Japan’s Wrecking Crew Orchestra performs an innovative light dance in uniforms like those in the classic science fiction movie Tron. I see the performance as a celebration of science and technology, of the contemporary moment, and a rejection of the dead hand of tradition; and I therefore read it as highly political (see below). This version is better quality than the one that went viral, showing the colors of the costumes better.
Since Tron is being taken as the inspiration here, it is worth recalling that the iconic costumes were designed by Jean “Moebius” Giraud, an epic French cartoonist, who also did storyboards for the film. His style influenced the French electronic-music duo Daft Punk, who went on to do the score for Tron Legacy.

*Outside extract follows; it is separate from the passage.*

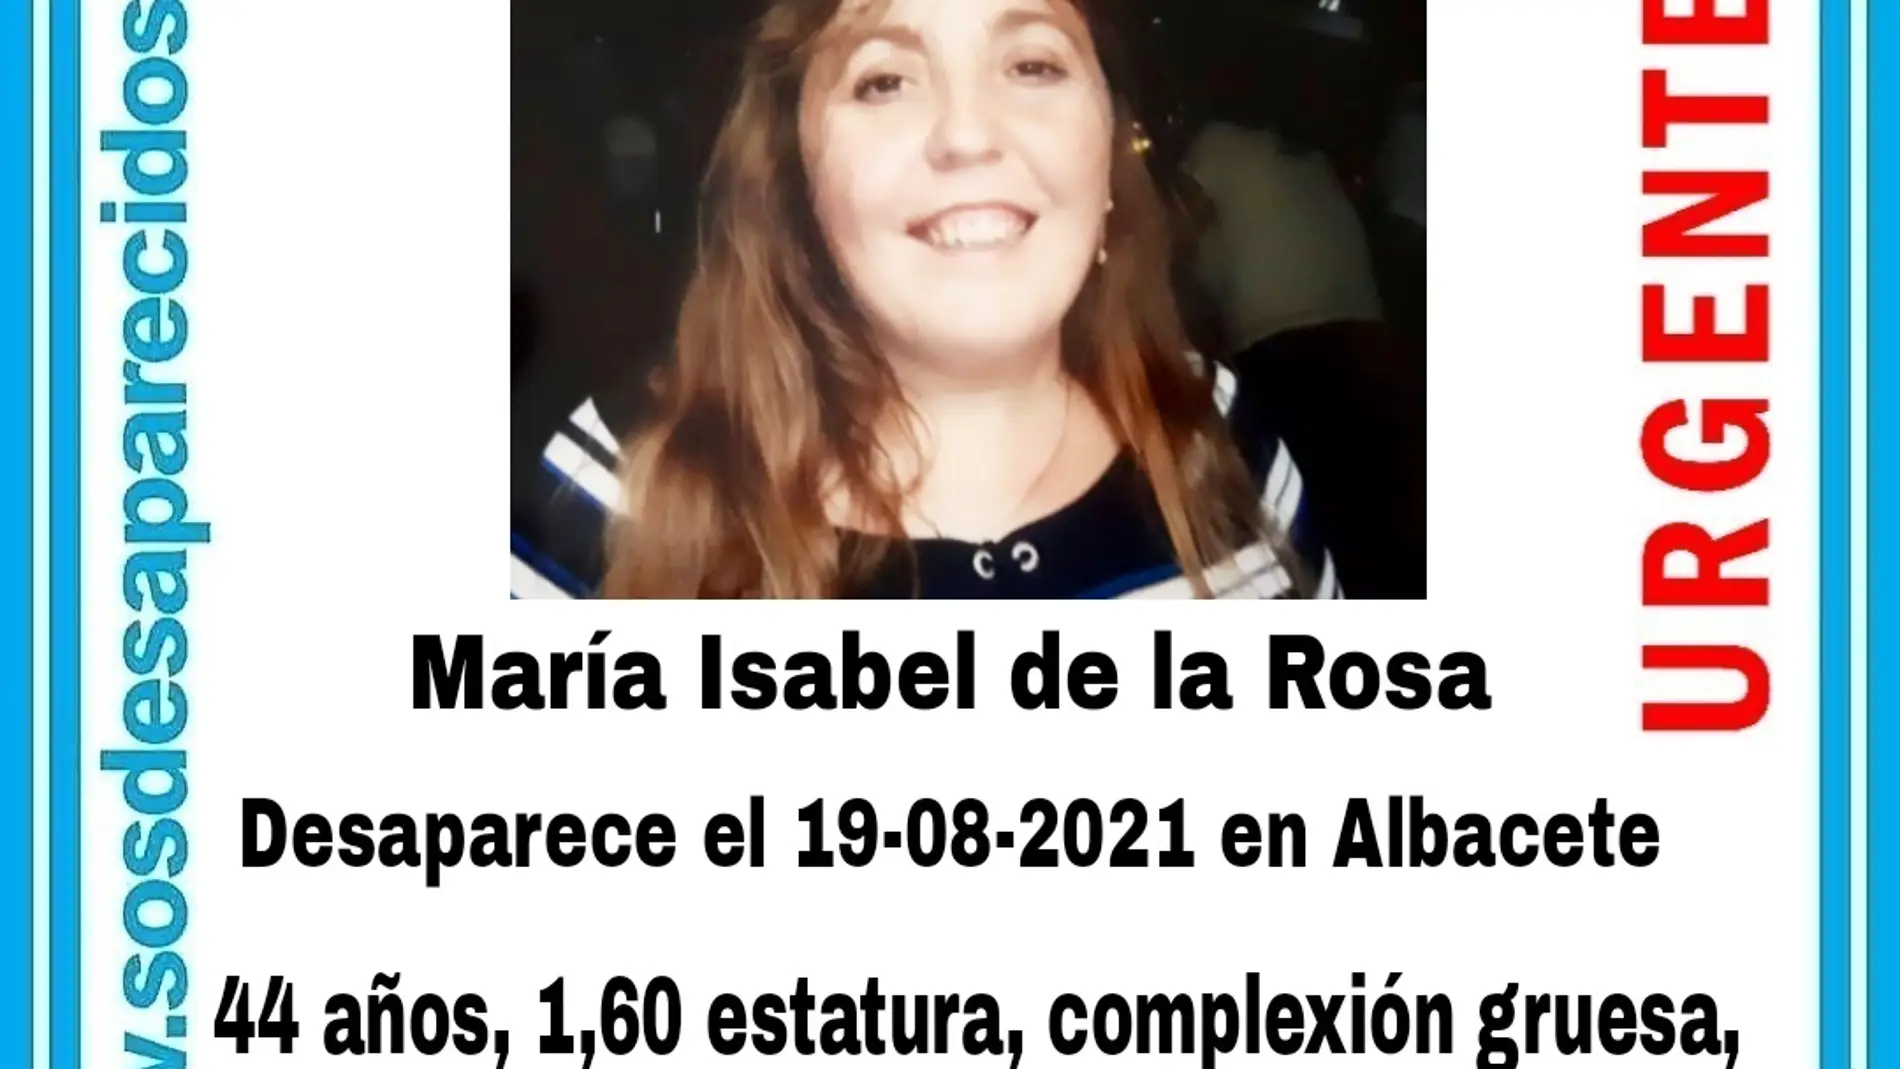 Continúa la búsqueda de María Isabel, unaavendedora de la Once desaparecida desde el jueves en Albacete

Giraud was also a major influence on Japanese Manga comic book art. Tron costumes and Manga have some of the same design roots, making it natural that the Wrecking Crew Orchestra appropriated this style (and perhaps they were influenced a bit by Daft Punk, as well).
This French-American-Japanese hybridity of hypermodern style reflects the universality of science fictional themes. In Moebius, Manga, Tron and this dance, contemporary bodies refigure themselves under the impact of rapid technological change, blinking in and out of existence and surprising us with their spatial instability. The shock of our changing relationship to our bodies caused by modernity has produced this year’s culture wars over contraception, abortion, evolution and health care, as the Right wing pushes back against the future, attempting to re-anchor especially women’s bodies in ancient scripture and a constructed “nature” thought to pre-date and take priority over scientific instruments. In contrast, the visual tradition to which the Wrecking Crew Orchestra here appeals celebrates the evolving cyborg character of the body and underlines its agility. (This cyborg theme is also apparent in the Moebius- and Manga- themed Daft Punk music video, “Harder, Better, Faster,”, best known in the US via the Kanye West remix– the music video of which, however, visually subverted the optimism of the original with darker, Japanese-dystopian themes.)

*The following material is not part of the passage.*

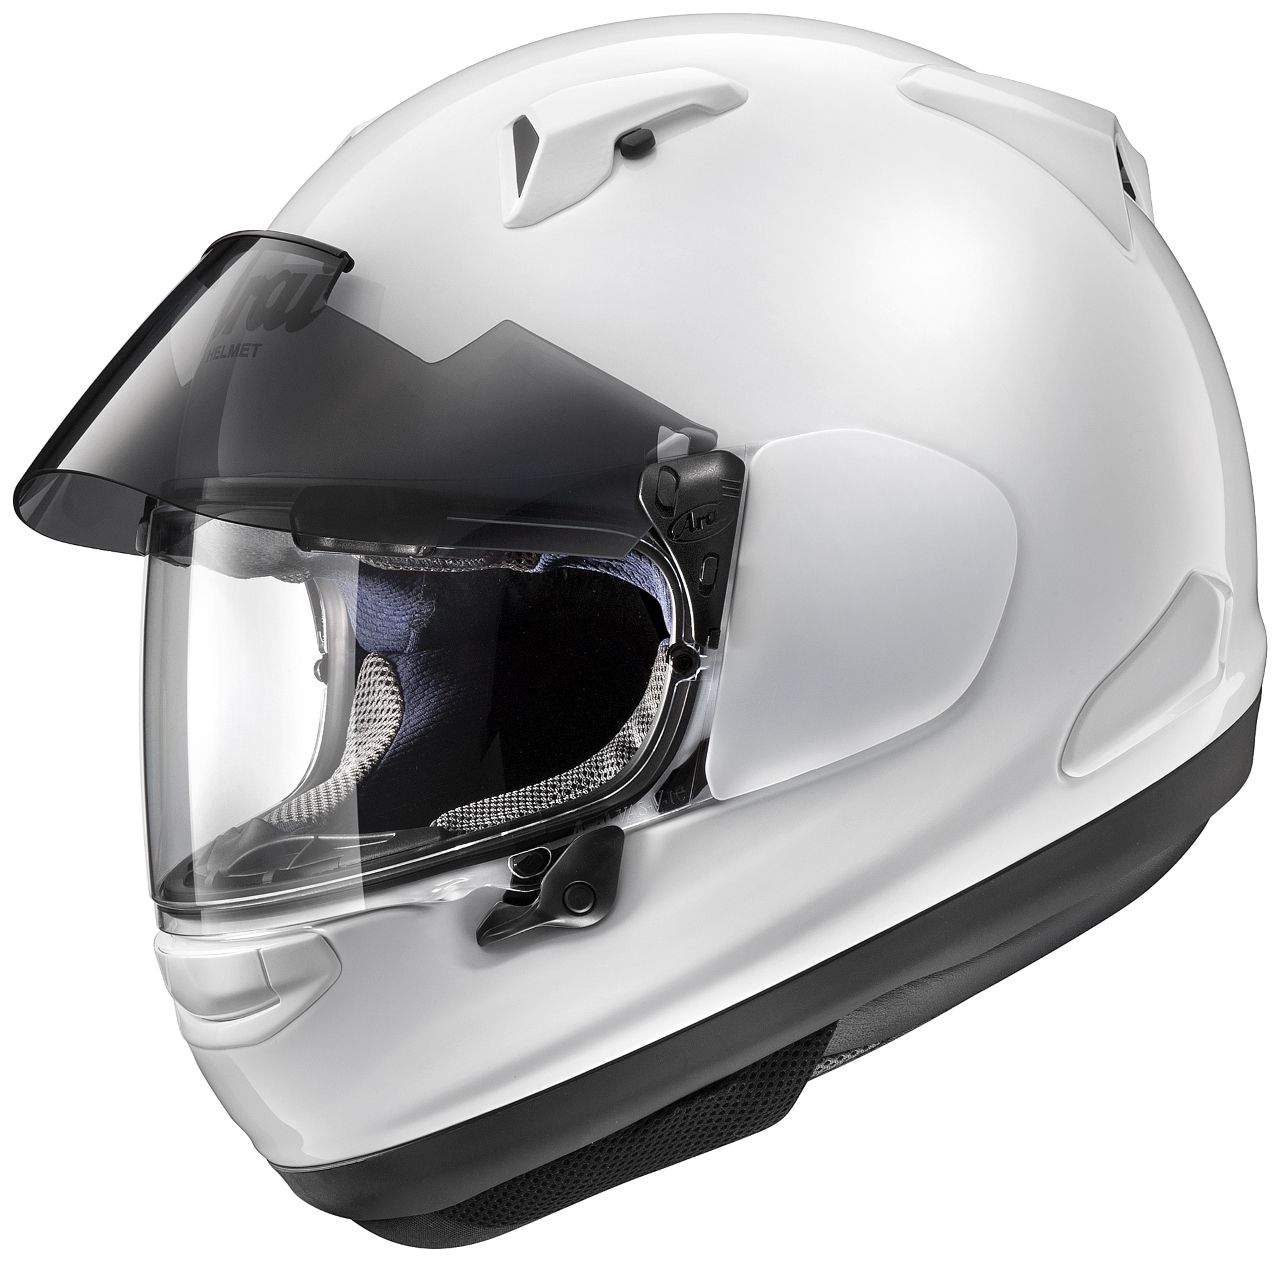 Webike Arai アライ Astral X アストラル エックス グラスホワイト ヘルメット W 49 P フルフェイスヘルメット 通販

On Moebius’s role in Tron design:
“In early 1981, Steven Lisberger assembled an illustrious team of artists to finalize the designs for “Tron.” This team included Jean “Moebius” Giraud, Syd Mead and Peter Lloyd. Moebius, a French comic book artist known for his work in the magazine “Heavy Metal,” contributed costume designs and storyboard art. The designs of the vehicles and computer environments fell to futuristic industrial and film designer Syd Mead. Commercial airbrush artist Peter Lloyd designed environments and backgrounds, in addition to serving as a color stylist.”